- **DESCRIPTION OF THE TASK**
The listing that follows must be retyped exactly, without its pictures.

- **AVAILABLE DATA**
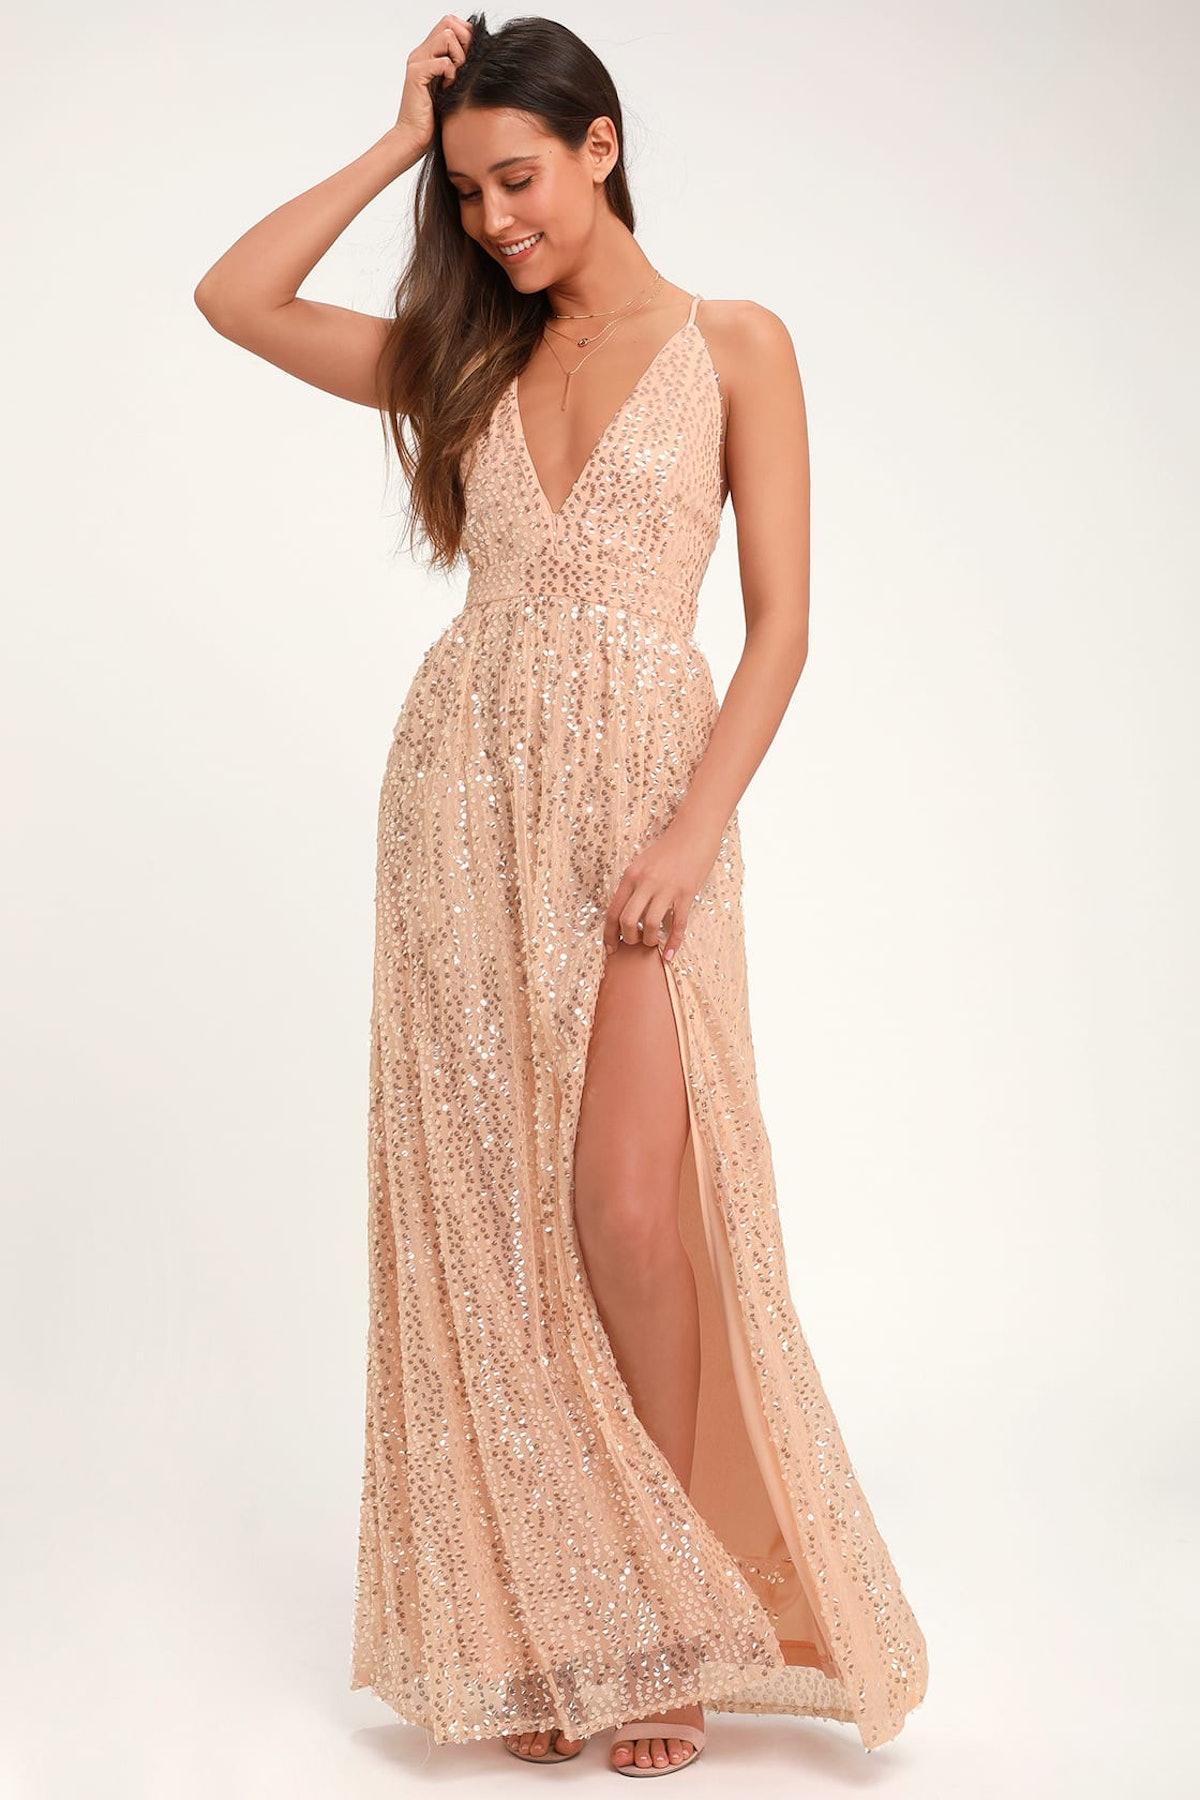 Jane Ann Blush Pink Sequin Maxi Dress
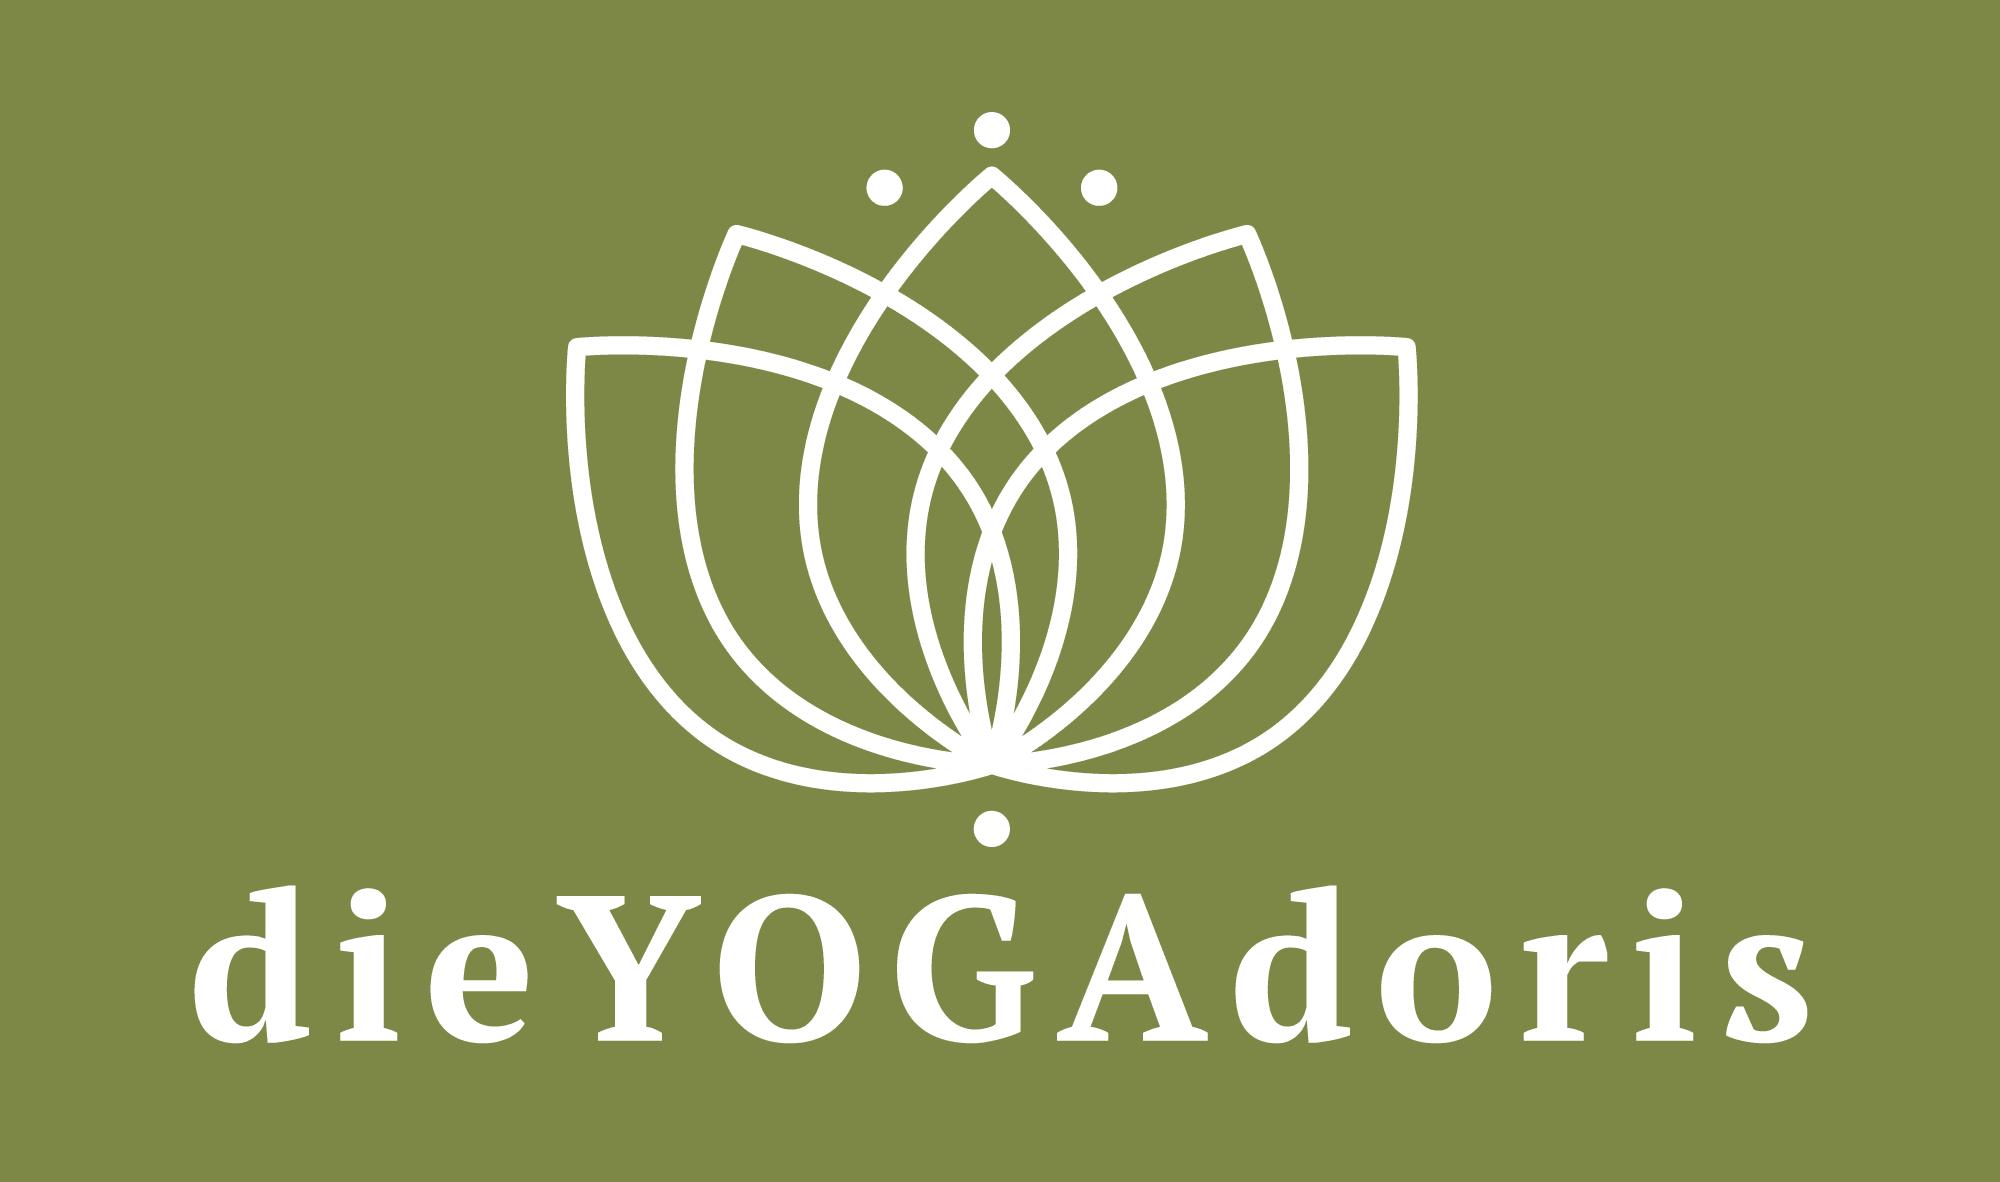 dieYOGAdoris logo
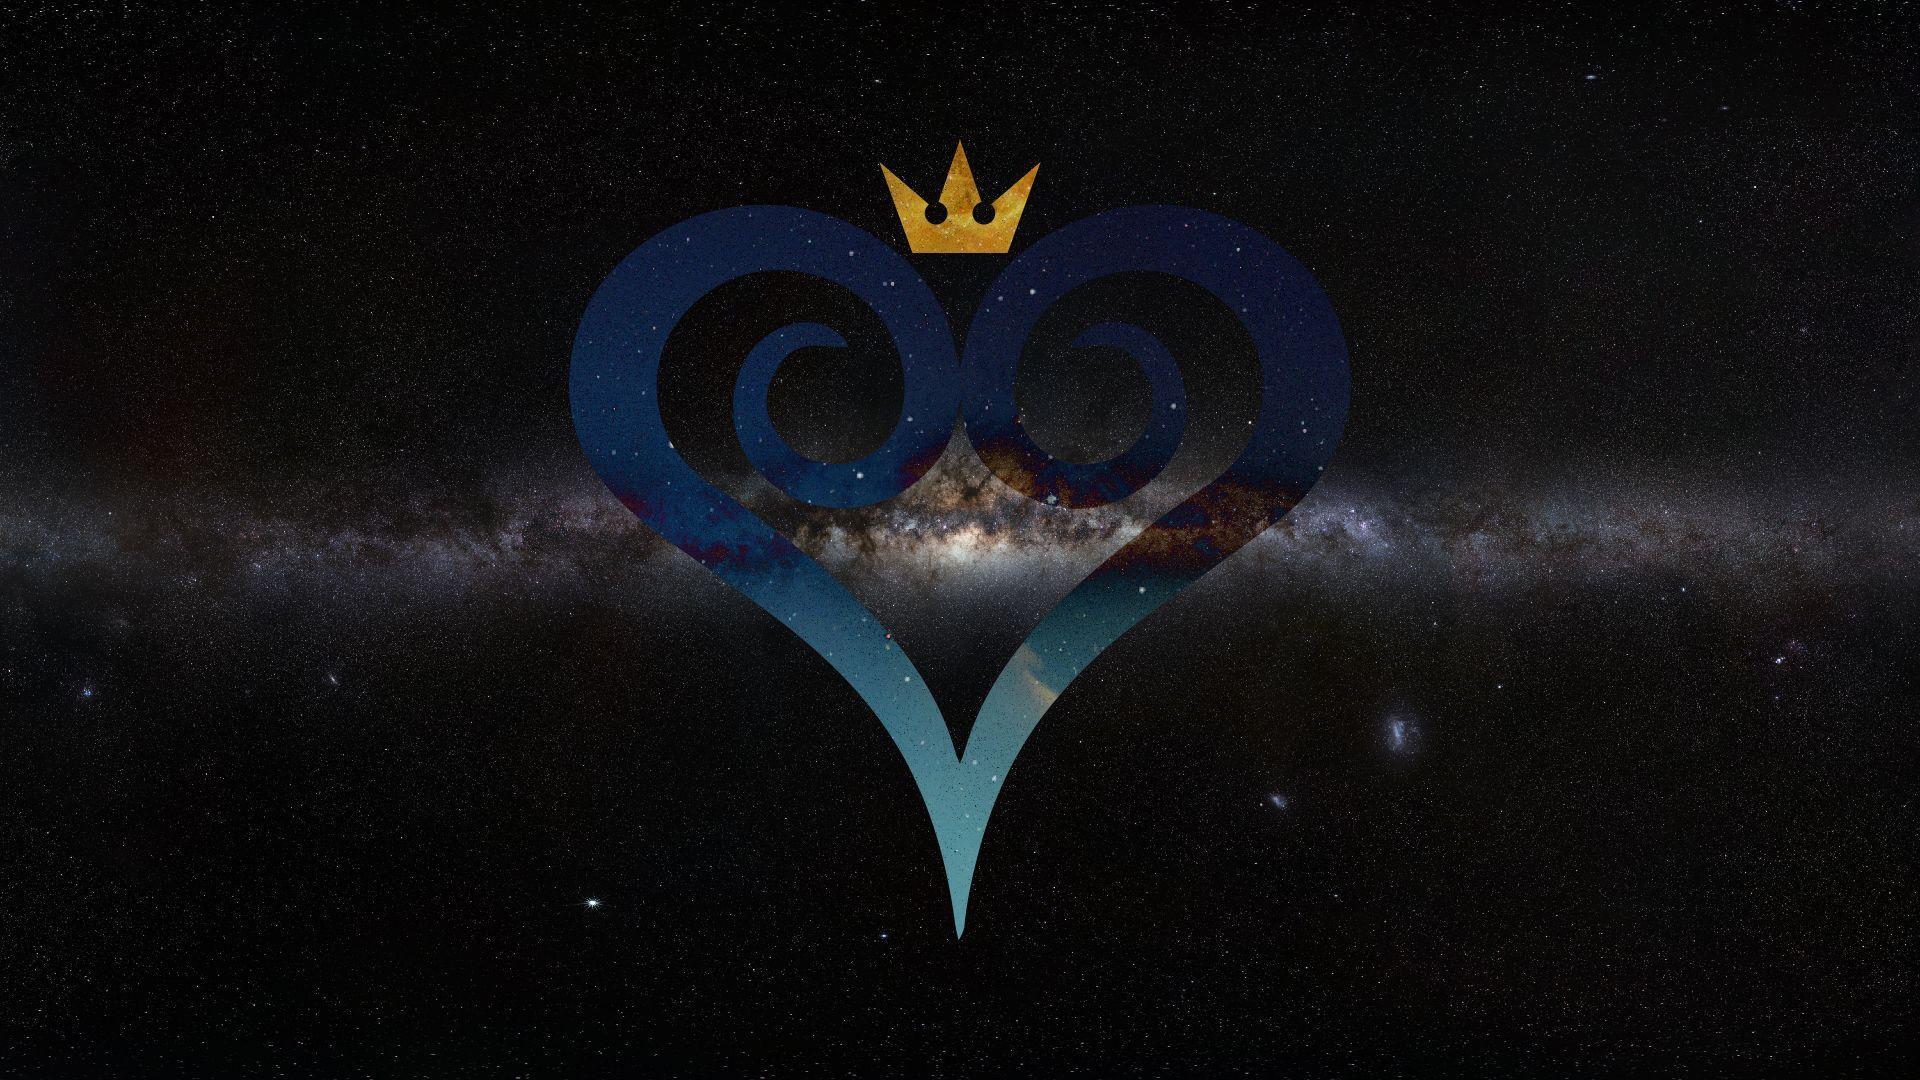 Kingdom Hearts 4K Wallpapers - Top Free Kingdom Hearts 4K ...

- **SOLUTION TO THE EXERCISE**
 Jane Ann Blush Pink Sequin Maxi Dress
 dieYOGAdoris logo
 Kingdom Hearts 4K Wallpapers - Top Free Kingdom Hearts 4K ...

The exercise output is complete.